Naming the new company Curious Traveller, they began taking paying customers to remote locations including Western Australia’s Kimberley region and islands off South America. “For us the travel business comes out of a love of science,” MacCallum explains. “It works brilliantly. Scientists get helpers and funding. Guests get to see what scientists do and how the world is changing because of it. They leave excited and inspired, having had an awesome experience in a place they otherwise might never have seen.”

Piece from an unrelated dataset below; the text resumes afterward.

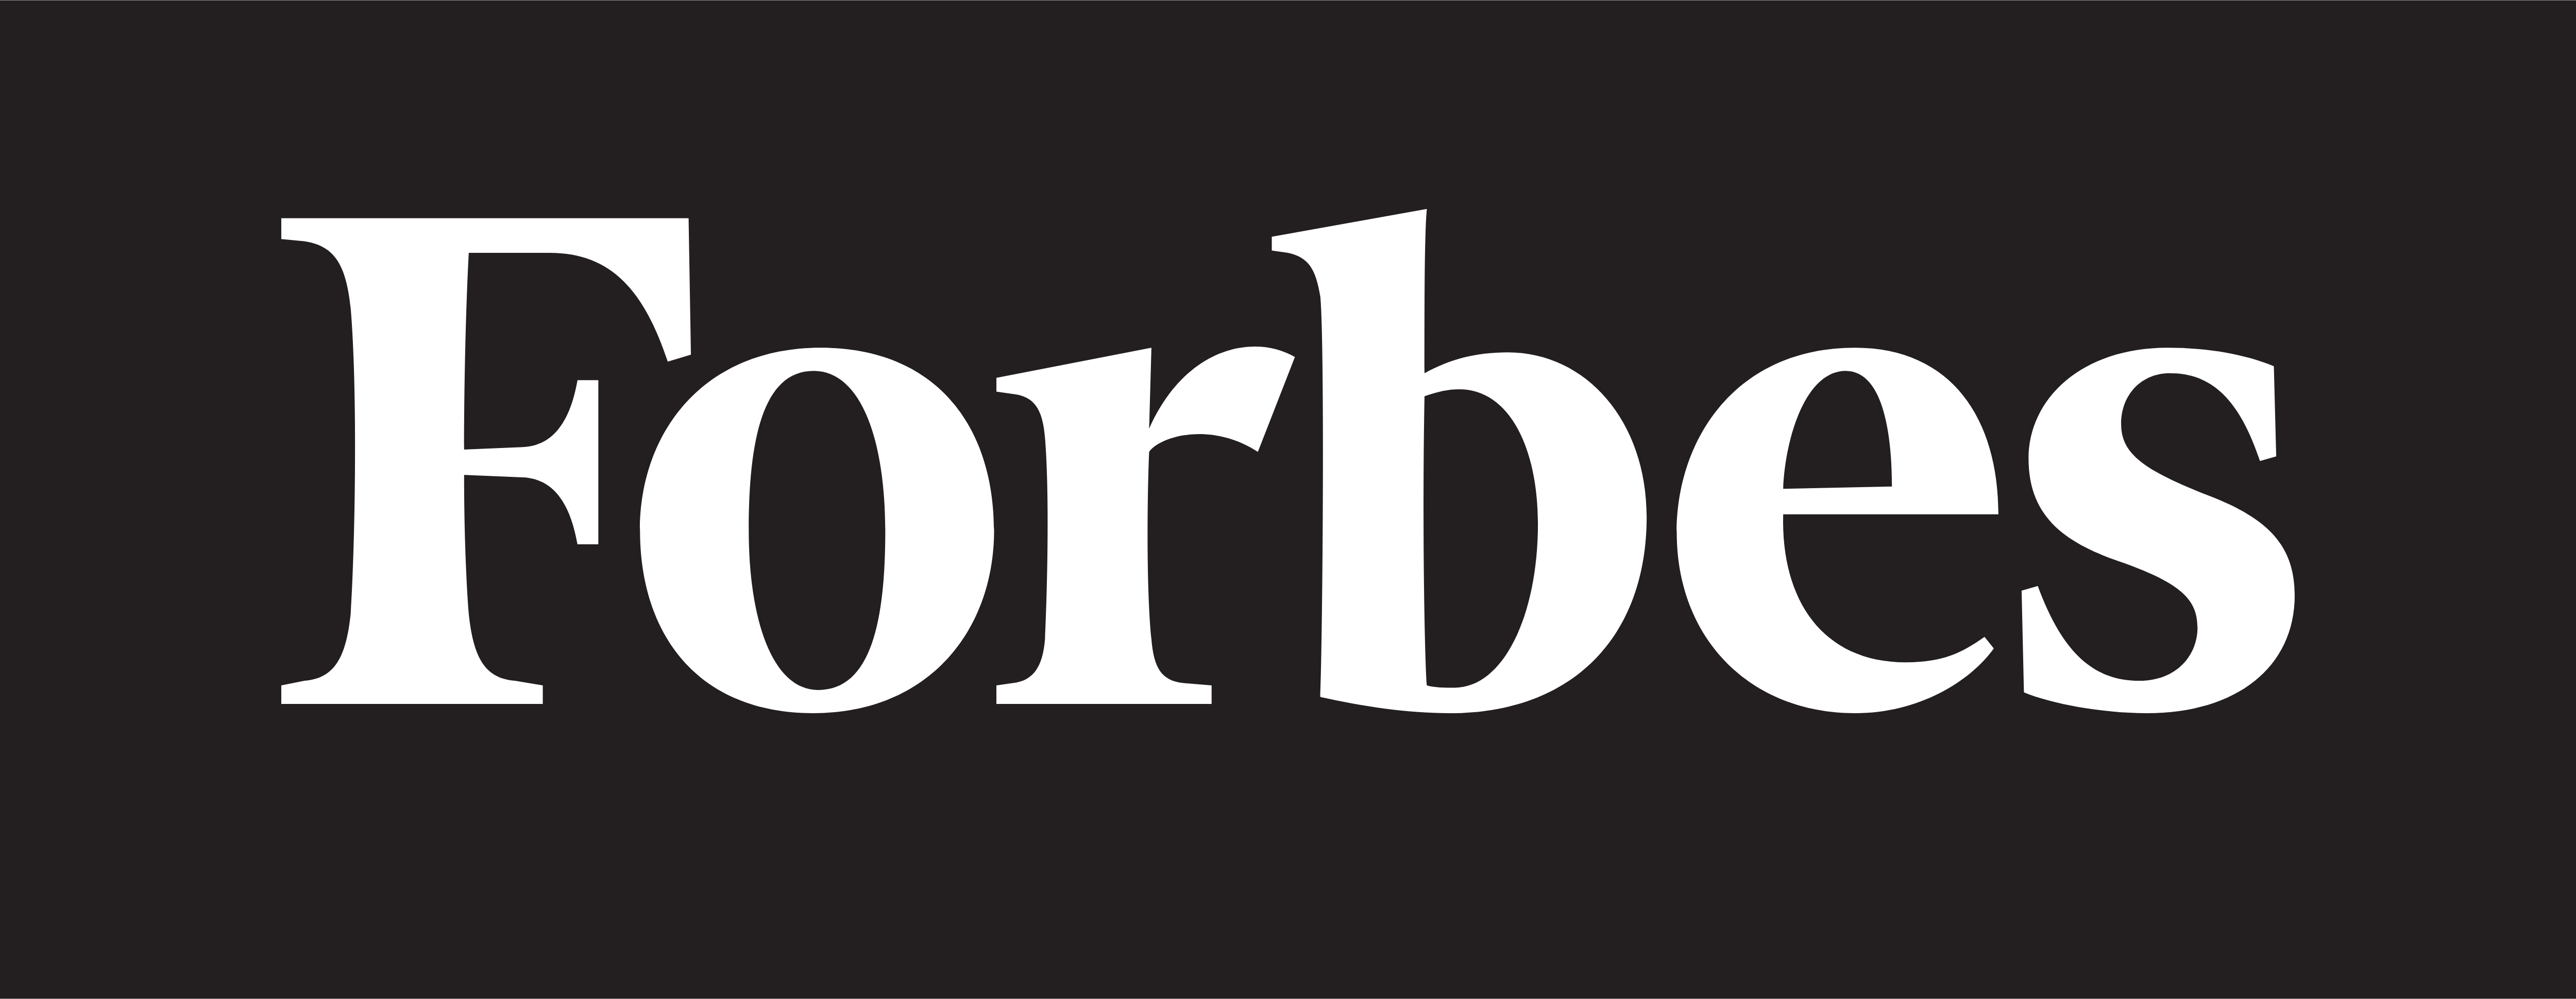 Forbes Article

Two-and-a-half years in, the pair still have to supplement their incomes with some freelance writing and editing, but the business is growing and within five years they hope to be helping fund half a dozen research projects. It’s a big task. “Some days we think it would be great to turn off and have making it all work become someone else’s problem,” MacCallum says, “but when we see the wonder on the face of a person who is experiencing somewhere like the Galapagos for the first time we know we’re living a fabulous, lucky life.”

Photo: Arunas
Natural inclination: adventure traveller and conservationist Gail MacCallum and gregarious eastern grey kangaroos

The Expert View

The type of business MacCallum started, which aims to do good as well as provide a living, is known as social enterprise. Celia Hodson is CEO of an institution specially created to give such people the business savvy they’ll need to survive – the School for Social Entrepreneurs.
The desire to create a business with broader aims than just making money is gaining ground. “When we used to put a call-out for people who thought they had an amazing social enterprise idea we’d have maybe 20 applying.” says Hodson. “Now we get 120.” Some leap straight in, but most make the transition while establishing the business: “Typically they taper off their paid employment as their idea starts to gather speed.”
The rewards are great, but it’s important to be realistic. “We sometimes ask people who come to us, ‘Where in your cash-flow is your salary?’ They’ll say, ‘Oh I don’t need money.’ Yes, social impact is what it’s about but to make it sustainable you need to ask yourself, ‘Is it going to pay me a salary?’ And you need to think about how to measure the difference you’re hoping to make.”